2. Fogg gives an example of a Familiar Path: “Drink two bottles of water each day from now on”.  Given we are talking about a change of behaviour, the person cannot already be drinking two bottles of water a day and therefore this is the same as his example of an Increase Intensity Path: “Eat more fruits and vegetables each day into the future”. Since it is only possible to Increase something you are already Familiar with doing (otherwise it would be a New behaviour), the two categories are always going to overlap.

3. Further, if we ask the question: Increase/Decrease what? We can answer using our Time-Space-Form-Level-Perceiver model. Fogg mentions two factors:
Form        Intensity
Time        Duration
And we can add:
Space        Context/domain
Level         Scope (e.g. specific behaviour or class of behaviours)
Perceiver    Role/Identity/Perceptual position
For example, I do not see how the grid caters for cross-domain behaviour change when a person or organisation wants to be able to do an existing behaviour in a place/context where they don’t already do it. e.g. I am patient at work and I want to be more patient with my children. Or, we sell widgets in country X and we want to also sell them in country Y. Are these examples of ‘new’, ‘familiar’, or ‘increased’ behaviour? Any one or all three I suggest. What is not catered for is the cross-domain aspect.

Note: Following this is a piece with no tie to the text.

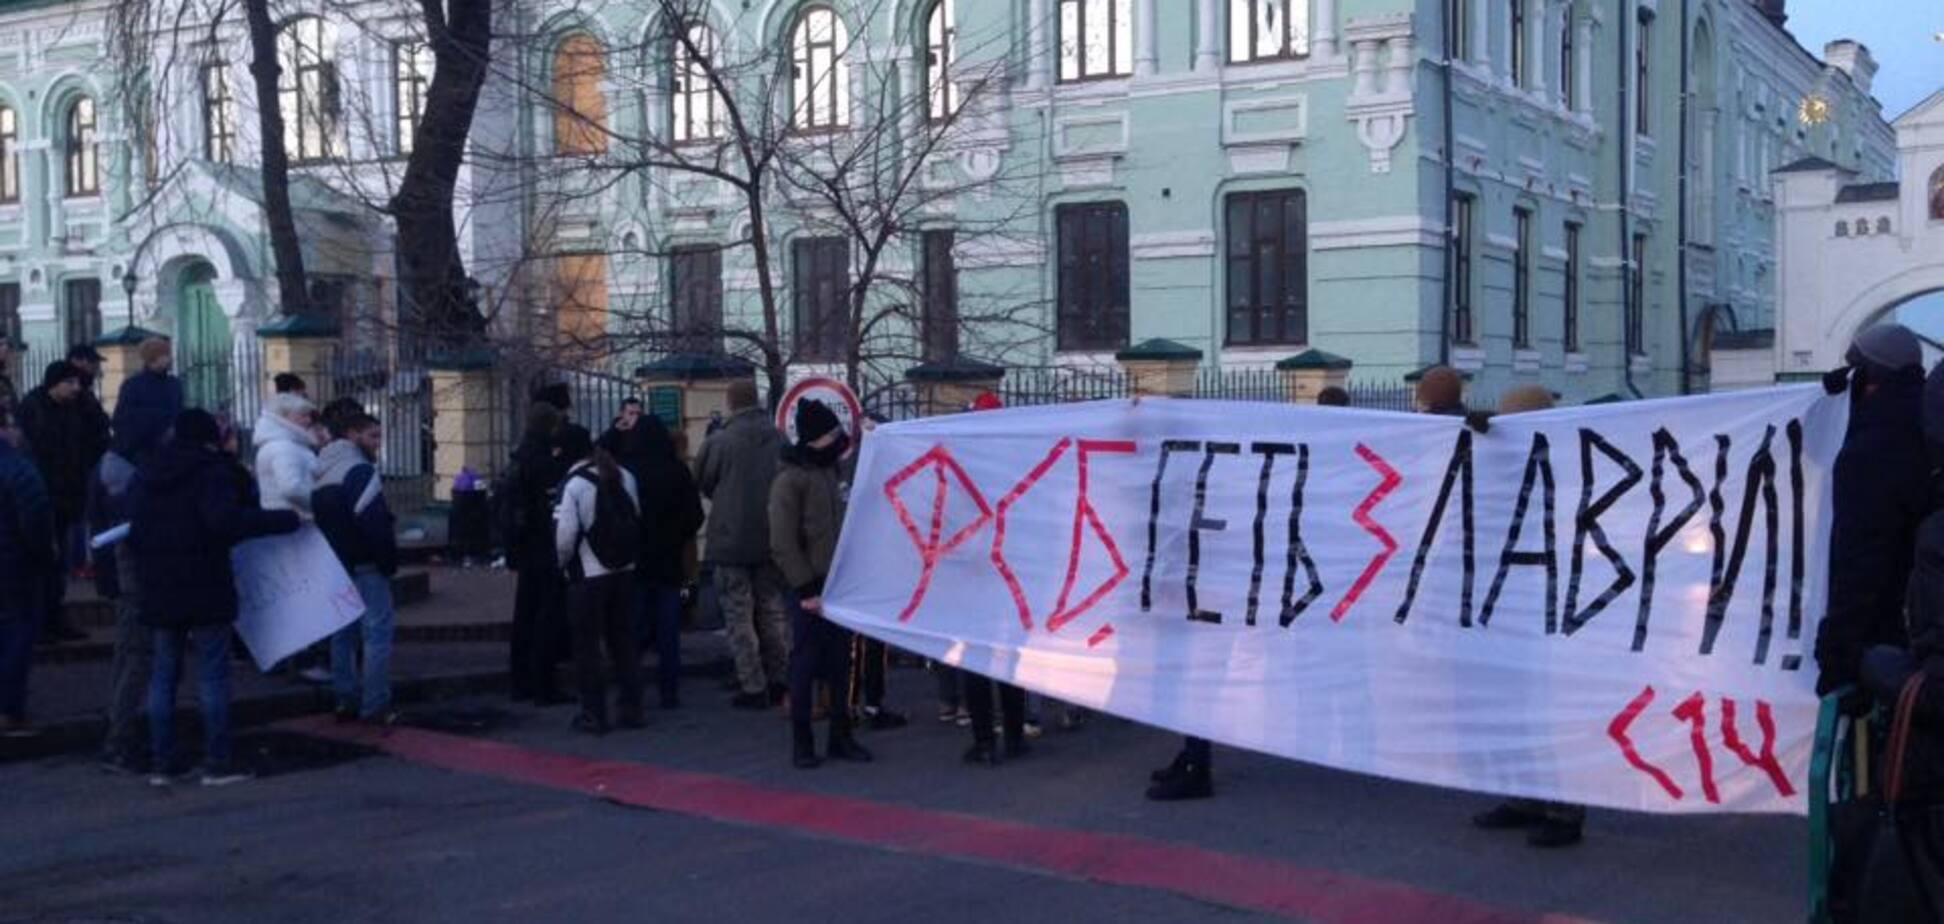 'ФСБ, геть із Лаври': у Києві заблокували монастир УПЦ МП

The inability to map what we do in one domain into another is a major limitation for some people. A classic example is the inability to transfer learning from a training to the workplace, or insight in therapy/coaching into ‘real life’. In business it is given the metaphor ‘silo thinking’. On the other hand many examples of serendipity involve noticing that the way something works can be applied in a novel area – burrs on socks becoming velcro is one well-known story. Penny Tompkins and I ran a Developing Group workshop on cross-domain thinking recently and I will publish our notes in due course.

To conclude

Fogg’s models and grids are simple to understand, make some nice distinctions and emphasise that there is no one magic method for changing behaviour; rather the cloth has to be tailored to the kind of behaviour change required. In our Self-Nudge model we take this idea further and have individuals design their own personal-dynamic-behaviour-change process which uses trial-and-feedback to adapt to their successes and failures. The Fogg Behaviour Grid could come in handy for the self-nudger who wants to consider a broad range of ways to change behaviour.



NOTE:
Thanks to Brian Birch for alerting to me to the www.behaviormodel.org website.